Monday, 21 March 2022


Jordan MillerKeynote Presentation

Title to be Confirmed
Jordan Miller, Assistant Professor of Engineering and Founder of the Advanced Manufacturing Research Program, Rice University, United States of America


Engineering Organ-Specific Microvasculature for Regeneration and Disease Modeling
Ying Zheng, Associate Professor, Department of Bioengineering, University of Washington, United States of America

Engineered tissues have emerged as promising new approaches to repair damaged tissues as well as to provide useful platforms for drug testing and disease modeling. Obstacles remain to recreate organ-specific vasculature and tissue environment for disease modeling. In this talk, I will present our progress in generating complex vascular structure with large range of diameters and curvatures, by combining multiple fabrication tools, to support its remodeling, thick tissue growth and blood perfusion. I will present means to study organ-specific vascular structure and function. I will summarize the remaining challenges and perspective in exploiting engineering tools to advance our understanding of biology and medicine.


Thomas BollenbachKeynote Presentation

Title to be Confirmed
Thomas Bollenbach, Chief Technology Officer, Advanced Regenerative Manufacturing Institute (ARMI, BioFabUSA, United States of America


Wai Yee YeongKeynote Presentation

Title to be Confirmed.
Wai Yee Yeong, Programme Director and Associate Professor, Nanyang Technological University, Singapore


Yan Yan Shery HuangKeynote Presentation

Cellular Dynamics and ‘MOrPF-genesis’ in Biofabrication and Bioprinting
Yan Yan Shery Huang, Assistant Professor, Department of Engineering, University of Cambridge, United Kingdom

Dynamic and time-dependent processes are inherent in living matters. With the aim to fabricate advanced biological systems and products, it is important to consider how cells dynamically interact with their ‘biofabrication’ protocol and environment. This talk will focus on three example cases. First, it will present process visualization of cell extrusion deposition through a high-resolution nozzle. In this context, we observed the motions of cells were overwhelmed by cellular re-organization events in a nozzle, including aggregation and sedimentation. Thus, the cells do not follow the flow paths purely driven by a laminar fluid flow within a narrow tip. In the second example, the talk will present how cells could dynamically adjust their shapes during migration, in response to different microfibre patterns from straight to curly. Key morphological features such as the variation of cells’ minor axis were identified for understanding cell migration in fibril matrices. In the third example, it will present how integrating self-assembly and biofabrication could lead an organoid engineering approach termed Multi-Organoid Patterning and Fusion (MOrPF). MOrPF is used to assemble scaffold-free macroscale airway tubes, leading to flowable organoid-on-a-chip, and branching tubular structures. Together, our studies might provide guiding principles for optimizing biofabrication processes of cell-laden constructs.

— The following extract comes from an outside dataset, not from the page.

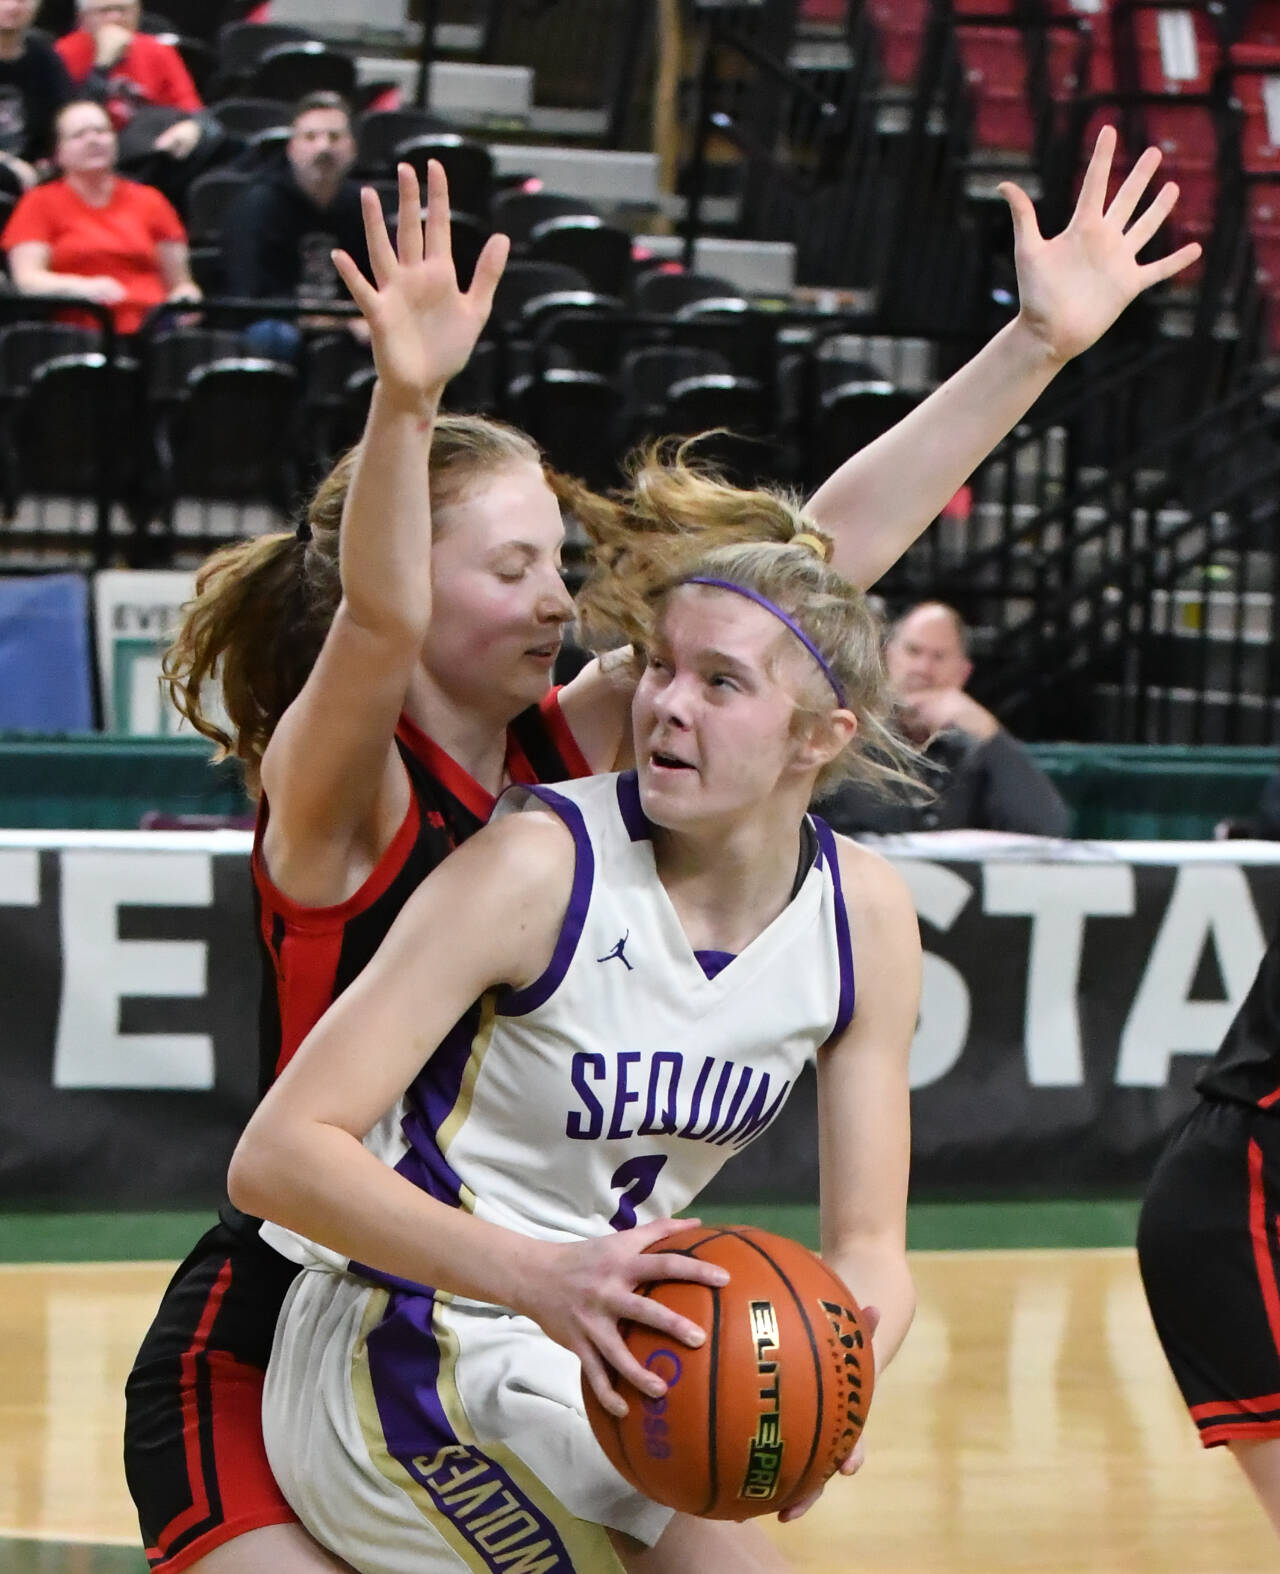 Photo by Jim Heintz / Sequim’s Jolene Vaara looks to score inside in the first half of SHS’s 57-37 win over Sammamish at the class 2A state tournament in Yakima on March 1. Vaara led the Wolves with 16 points.

Biofabrication of Heart Tissues using Cardiac Spheroids and 3D Bioprinting Technology for in vitro and in vivo Applications
Carmine Gentile, Lecturer in the School of Biomedical Engineering, University of Technology Sydney, Australia

3D bioprinting technology has emerged in the past 15 years as a tool for the bioengineering of human tissues and organs. In this approach, bioinks containing tissue-specific cells are deposited within permissive hydrogels to 3D bioprint viable and functional tissues. Dr Gentile’s team has developed cardiac bioinks by co-culturing cardiac cells in 3D as cardiac spheroids, which are then embedded in specialized hydrogels. 3D bioprinted heart tissues are viable, highly vascularized and contract synchronously when electrically paced. They are currently used for in vitro drug discovery and toxicity studies, for disease modeling of myocardial damage (i.e., heart attack in a Petri dish) and for cardiac regeneration purposes in vivo. Given their unique features in recapitulating the microenvironment typical of the human heart and its pathophysiology, 3D bioprinted heart tissues have the potential to be used to both prevent and treat cardiovascular disease in patients.


Stephanie SeidlitsKeynote Presentation

Engineering Ex Vivo Models of Brain Cancer
Stephanie Seidlits, Associate Professor, Biomedical Engineering, University of Texas at Austin, United States of America

The Seidlits lab works to design matrix-mimetic biomaterials for engineering tissues of the central nervous system (CNS). We work with hyaluronic acid (HA), a major component of the extracellular matrix (ECM) in the CNS, as a base material to create ex vivo models of brain and tumor tissues. I will discuss our work modeling glioblastoma (GBM), the most lethal, yet common, cancer originating in the brain. We have developed HA-based culture platforms that provide a controlled experimental context in which to characterize how the ECM microenvironment facilitates GBM tumor aggression. These biomaterial-based cultures of patient-derived GBM cells can model several aspects of clinical tumors, including kinetics of acquired resistance to chemotherapies, metabolic changes, and vasculature-associated infiltration.